- Hillgrove, California Location within the state of California Hillgrove, California Hillgrove, California (the United States)
- Coordinates: 34°01′01″N 117°58′48″W﻿ / ﻿34.01694°N 117.98000°W
- Country: United States
- State: California
- County: Los Angeles

Population (1960)
- • Total: 14,669
- Time zone: UTC-8 (Pacific (PST))
- • Summer (DST): UTC-7 (PDT)
- ZIP codes: 91745
- Area code: 626
- GNIS feature ID: 243472

= Hillgrove, California =

Unincorporated community in California, US

Hillgrove is an unincorporated community located in the southern San Gabriel Valley of eastern Los Angeles County, California. The population in 1960 was 14,669.

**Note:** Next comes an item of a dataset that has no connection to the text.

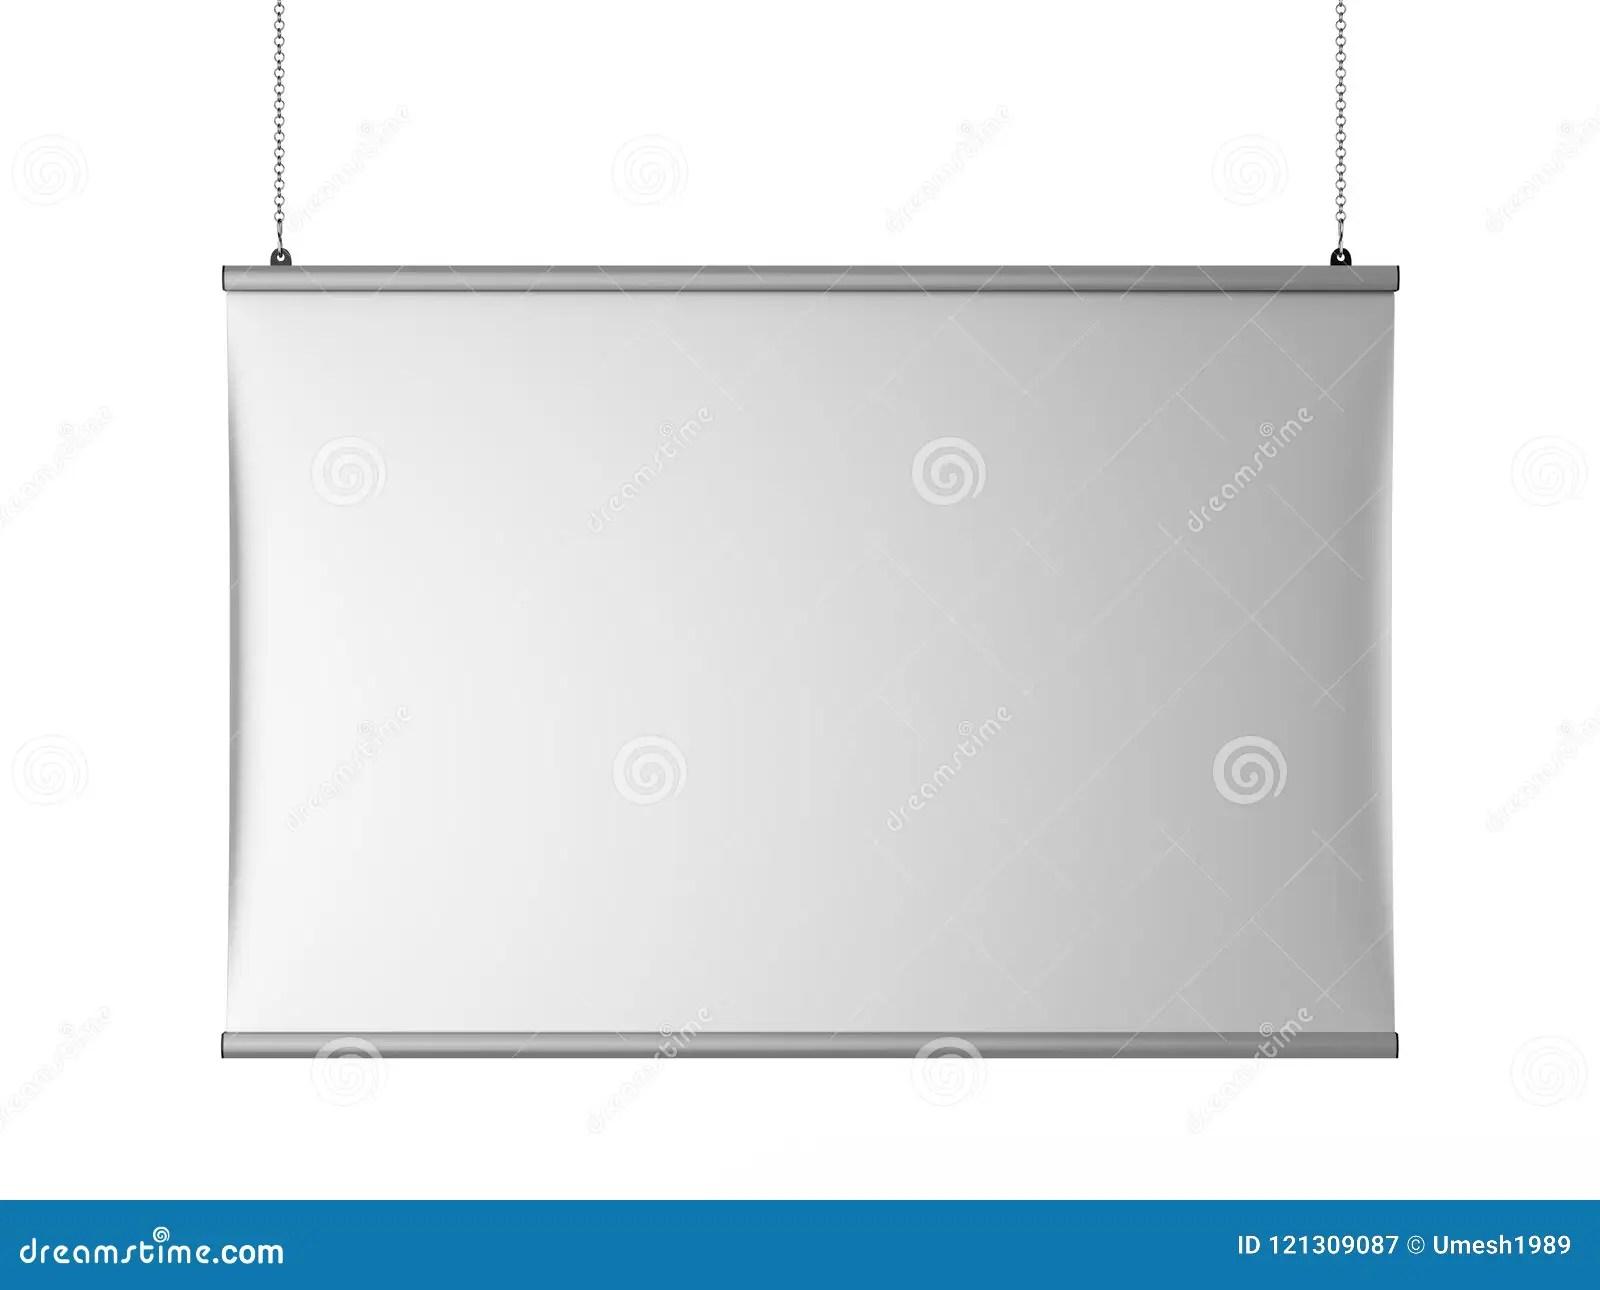 https www dreamstime com aluminum snap grip ceiling banner poster hanger hanging rails d render illustration image121309087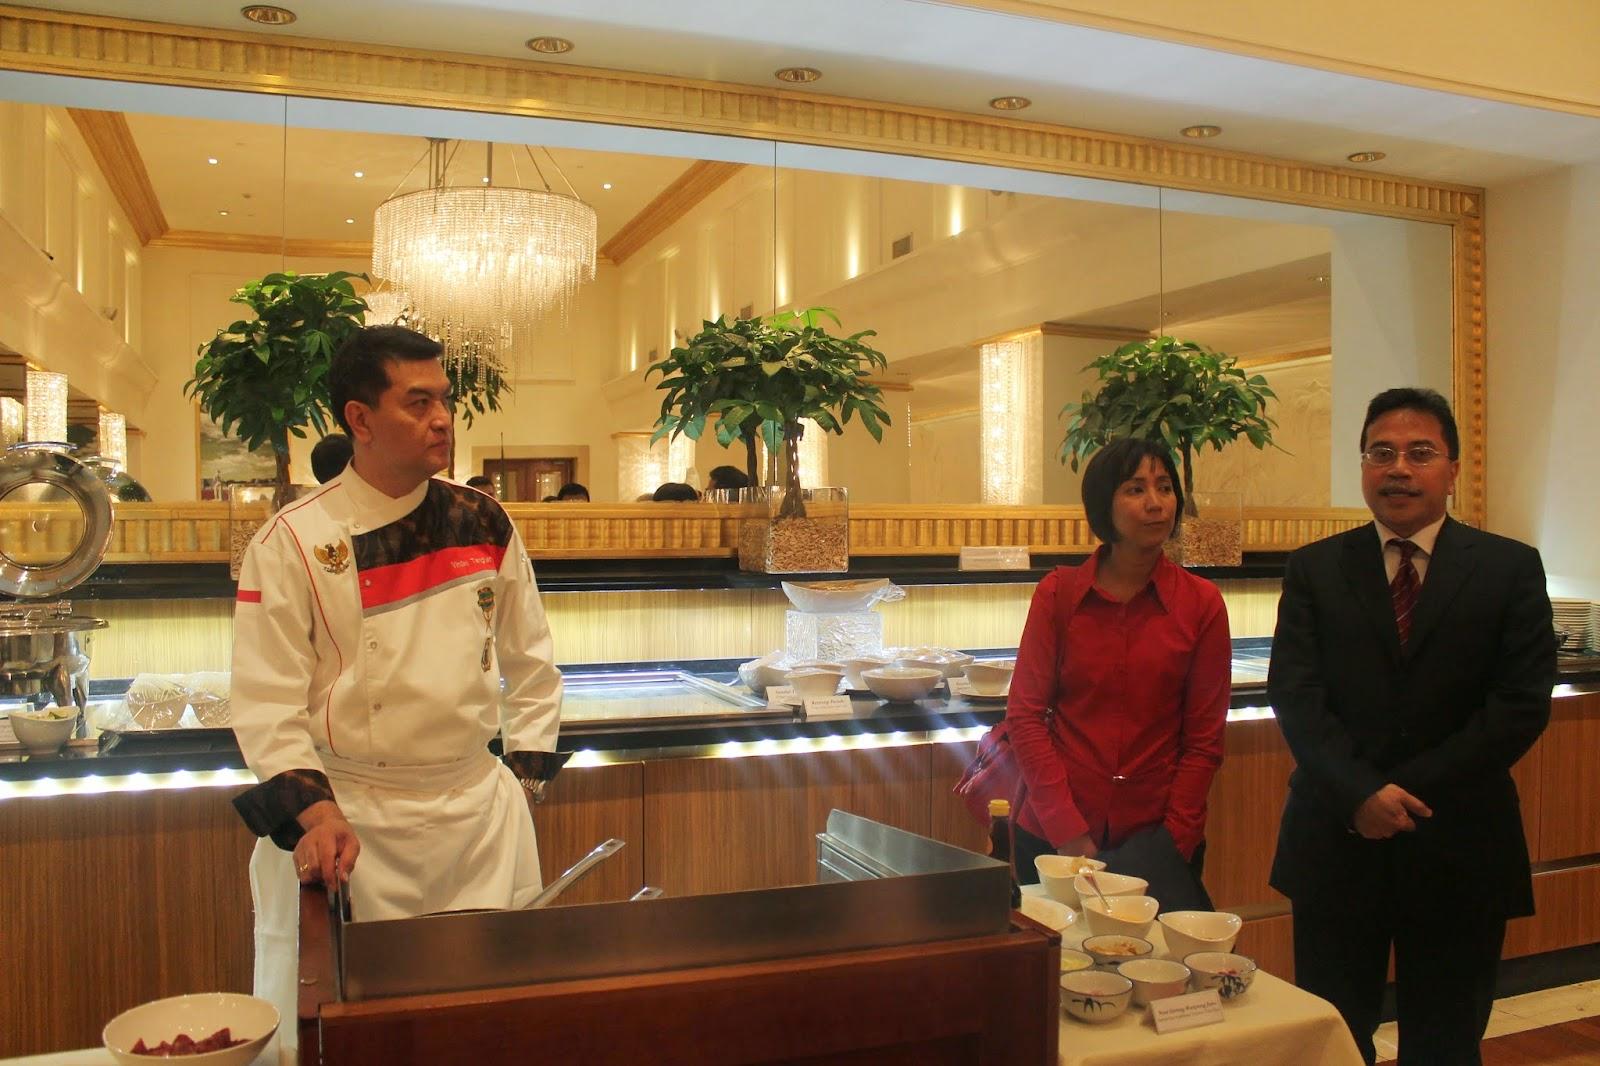 il ristorante doney incontra la cucina indonesiana

A former section was a census-designated place, that became part of neighboring Hacienda Heights after the 1970 census.

==Geography==
Hillgrove is located at 34.017 degrees north latitude and 117.98 degrees west longitude. The community of Avocado Heights is to the west, the Puente Hills are to the south, and Hacienda Heights is to the southeast.

The elevation of the community is 331 ft above sea level. The ZIP Code serving the community is 91745.

==Education==
The community is part of the Hacienda-Puente Unified School District. Hillgrove Center Preschool is located in the community.